РУС ENG
Министерство науки и высшего образования Российской Федерации
Российская Академия Наук

В ИОХ РАН состоялось заседание диссертационного совета

18 сентября 2024 г.

18 сентября на заседании диссертационного совета прошли успешные кандидатские защиты.

Зубков Михаил Олегович представил диссертацию на соискание ученой степени кандидата химических наук «Фотохимические превращения производных 4-(меркапто)тетрафторпиридина».

Научный руководитель:

Дильман Александр Давидович — член-корреспондент РАН, заведующий Лабораторией функциональных органических соединений ИОХ РАН.

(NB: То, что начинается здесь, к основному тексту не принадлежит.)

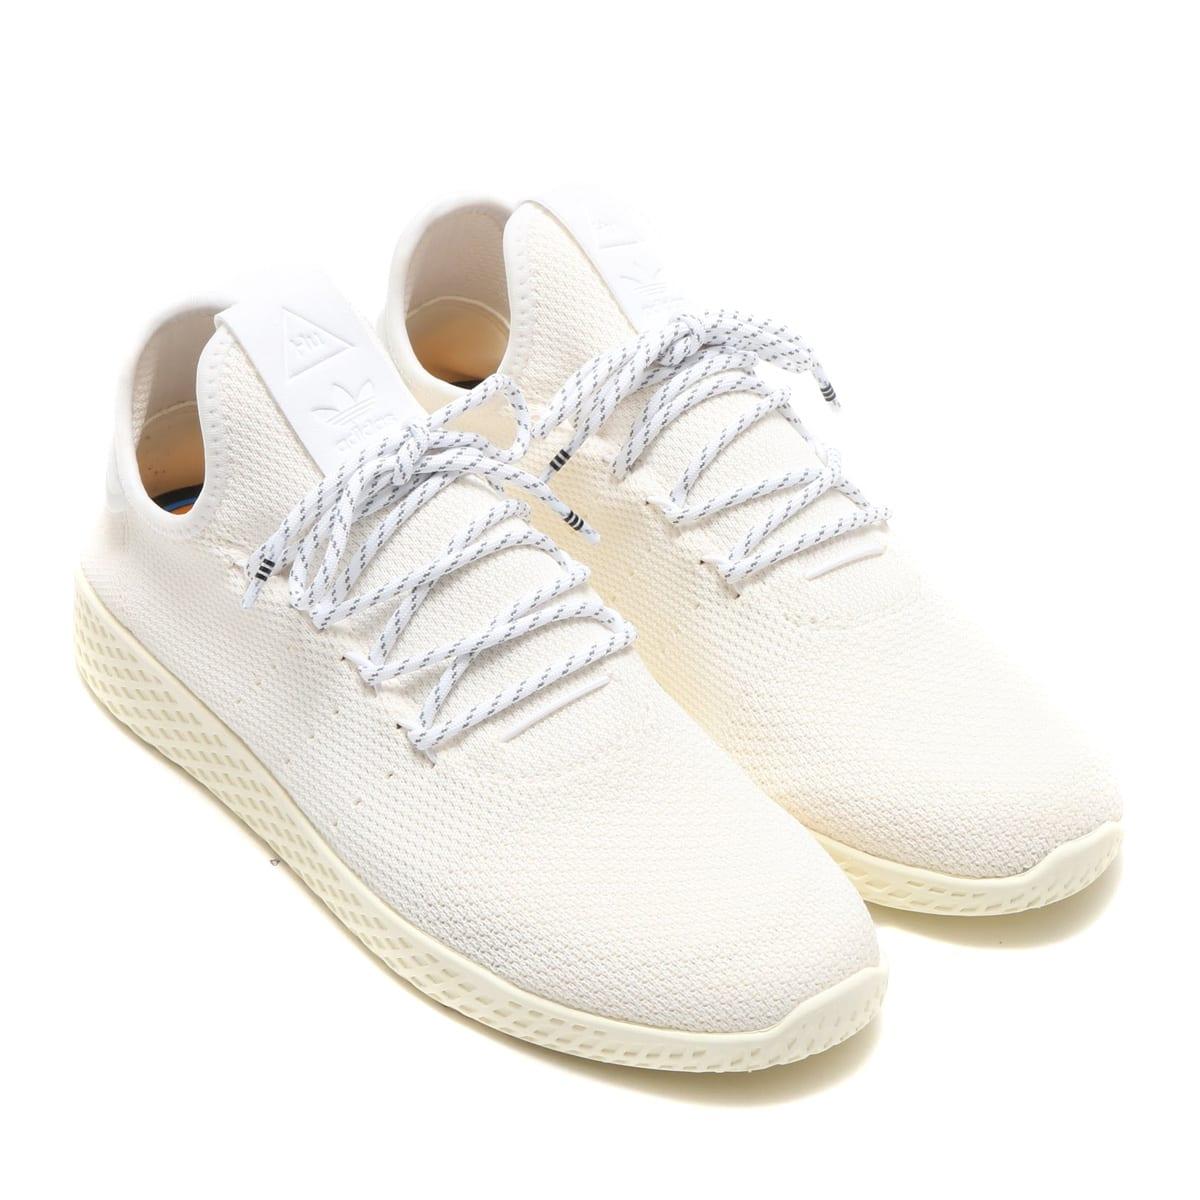 adidas Originals PW HU HOLI TENNIS HU BC  Cream White/Cream White/Ftwr White_photo_large

В ходе проделанной работы Михаил Зубков получил следующие результаты и выводы:

  • Показано, что соединения, содержащие фрагмент 4-(меркапто)тетрафторпиридина, являются удобными предшественниками для генерирования алкильных и фторалкильных радикалов за счет разрыва связи C–S. Получаемые таким образом радикалы были вовлечены в реакции с различными радикальными ловушками — донорными и акцепторными алкенами, нитронами, гетероароматическими соединениями.
  • Разработан метод дифункционализации неактивированных алкенов с участием производных 4-(меркапто)тетрафторпиридина. Реакция проводится в фотокаталитических условиях и включает перенос двух фрагментов из исходного сульфида по двойной связи алкена. Таким образом была исследована реакционная способность производных 4-(меркапто)тетрафторпиридина в реакциях образования связи C–S.
  • Продемонстрирована уникальная активность тетрафторпиридилдисульфида в реакциях перехвата алкильных радикалов в присутствии тиолов. Данная реакционная способность была использована для разработки реакций синтеза производных 4-(меркапто)тетрафторпиридина из неактивированных алканов и карбоновых кислот, протекающих при облучении видимым светом.
  • Разработаны условия селективного деарилирования алкильных производных 4-(меркапто)- тетрафторпиридина с образованием свободных тиолов. Реакция протекает по цепному механизму и инициируется дисульфидами при облучении видимым светом. Данный подход был использован для двухстадийного синтеза тиолов и их призводных из алкенов, алканов и карбоновых кислот.
  • На примере реакции фторалкилирования алкена, содержащего фрагмент 4-(меркапто)тетрафторпиридина, была продемонстрирована особая склонность перфторарильных фрагментов к радикальной миграции. Этот и другие эффекты атомов фтора, обусловливающих необычную реакционную способность производных 4-(меркапто)тетрафторпиридина, были также подкреплены данными квантово-химических расчетов.

 

 

 

Трифонов Алексей Леонидович представил диссертацию на соискание ученой степени кандидата химических наук «α,α-Дифторированные фосфониевые соли: получение и синтетическое использование».

Научный руководитель:

Дильман Александр Давидович — член-корреспондент РАН, заведующий Лабораторией функциональных органических соединений ИОХ РАН.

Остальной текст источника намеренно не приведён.